═══ Listed entries ═══

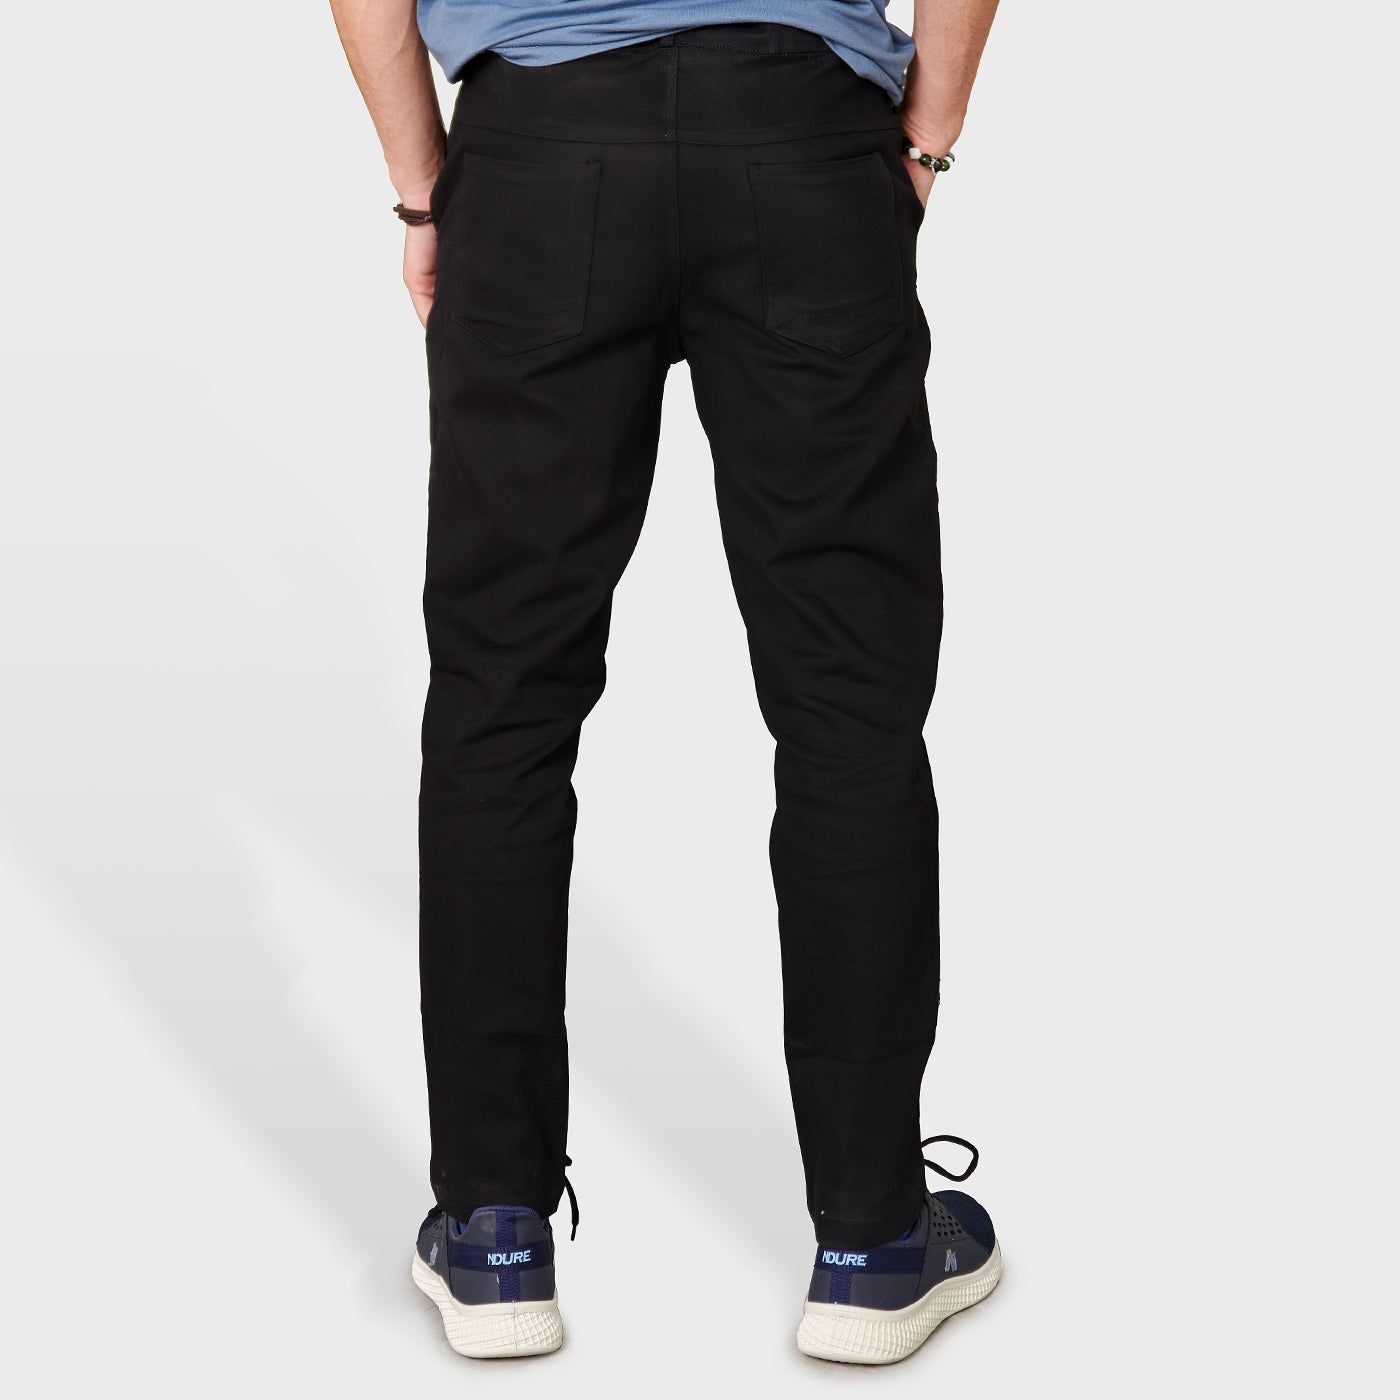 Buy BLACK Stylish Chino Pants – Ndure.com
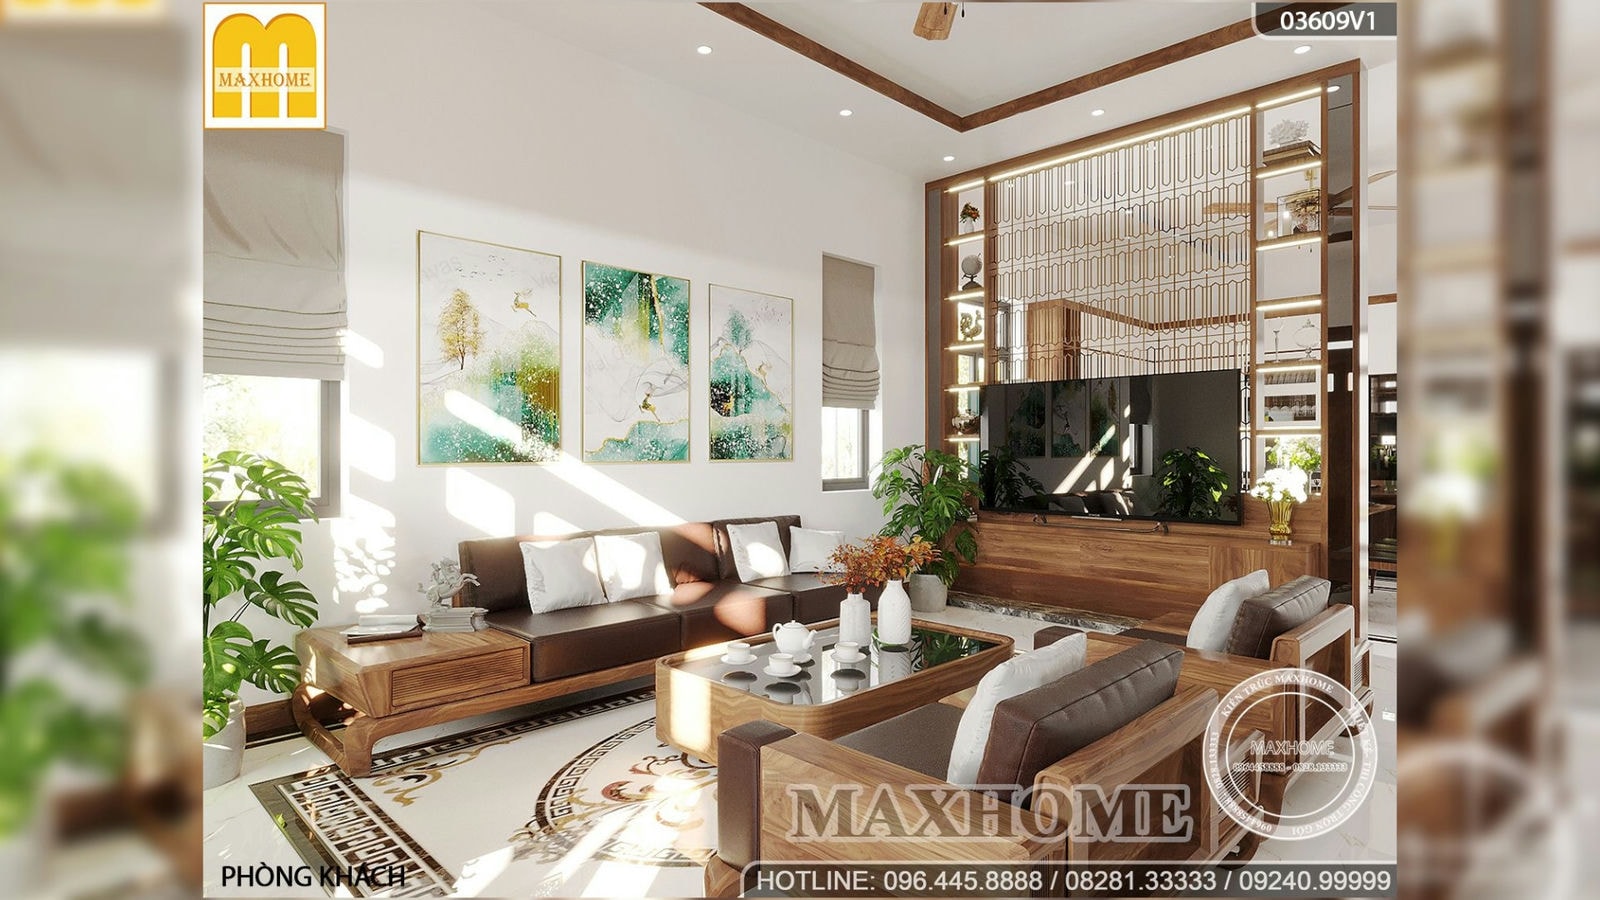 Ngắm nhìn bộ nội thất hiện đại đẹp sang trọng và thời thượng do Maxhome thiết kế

═══
═══ Listed entries ═══

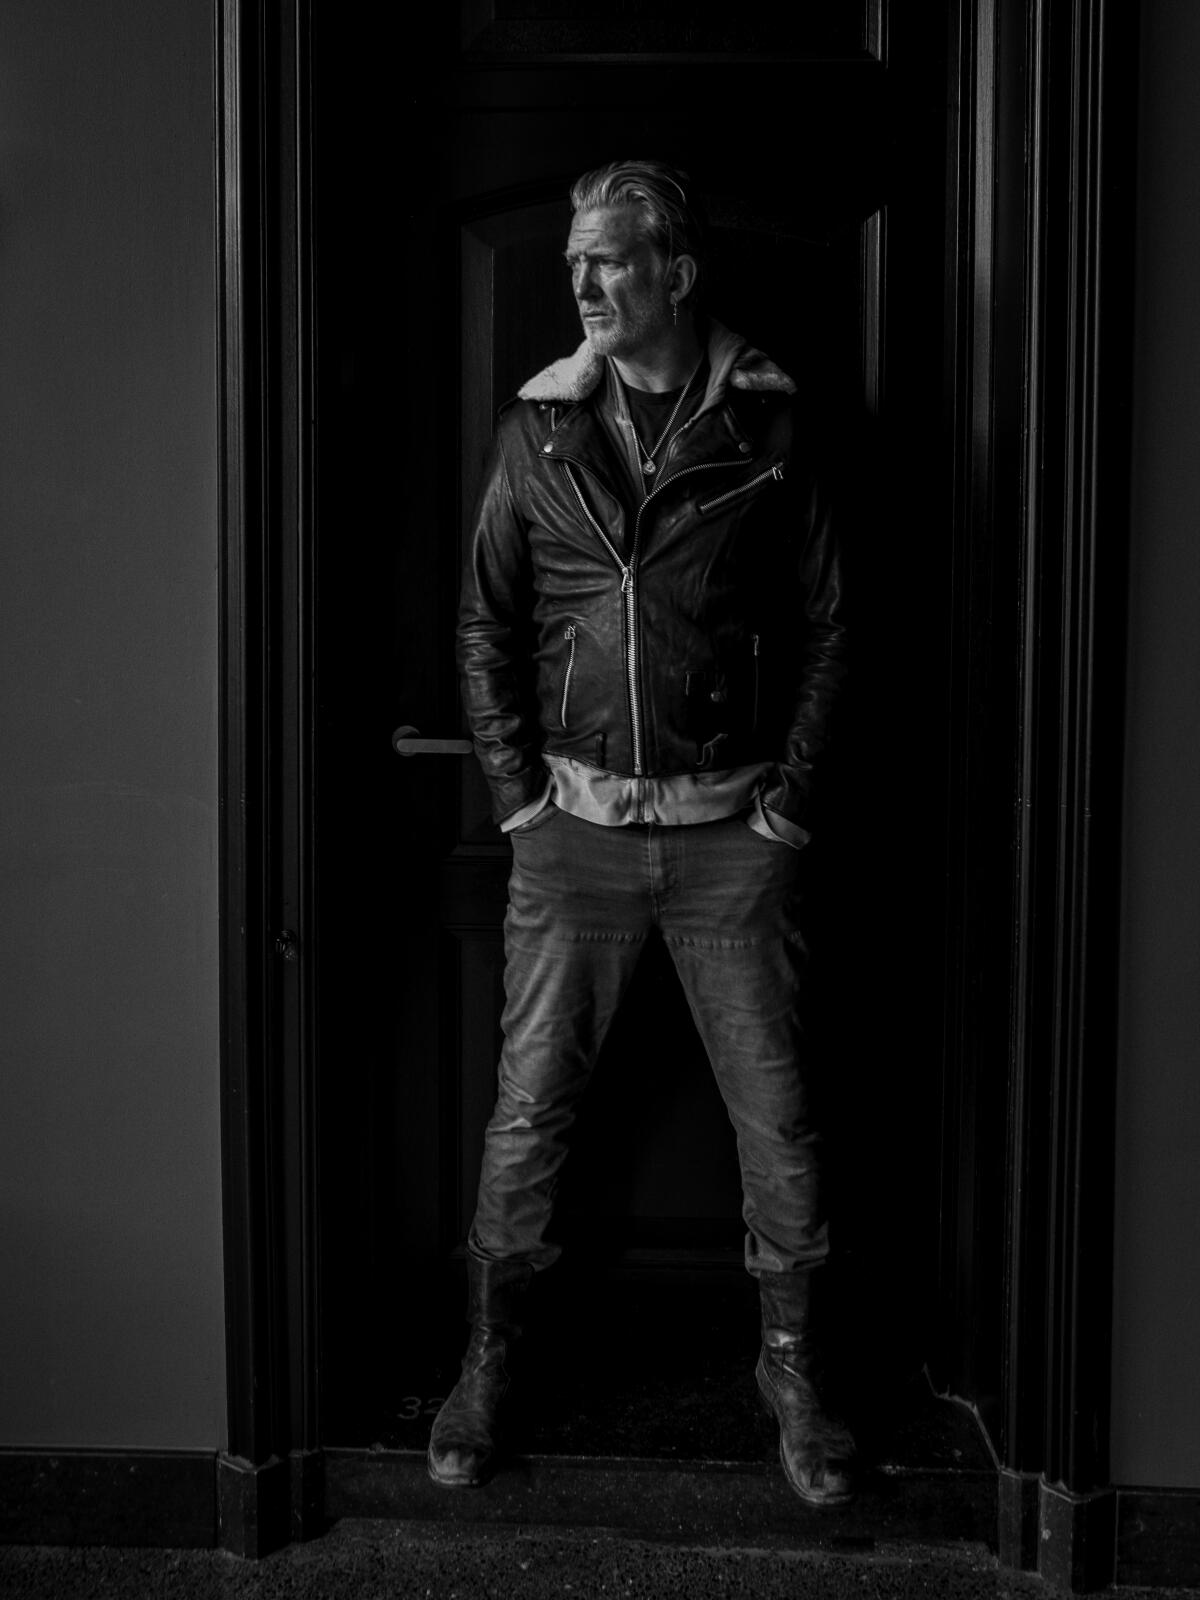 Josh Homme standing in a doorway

═══

> **What the exercise asks**: An exact copy is needed of the stretch above that opens with the line containing "Buy BLACK Stylish Chino Pants – Ndure.com" and closes with the line containing "Ngắm nhìn bộ"; the pictures are not part of it.

> **Result of the exercise**:
 Buy BLACK Stylish Chino Pants – Ndure.com
 Ngắm nhìn bộ nội thất hiện đại đẹp sang trọng và thời thượng do Maxhome thiết kế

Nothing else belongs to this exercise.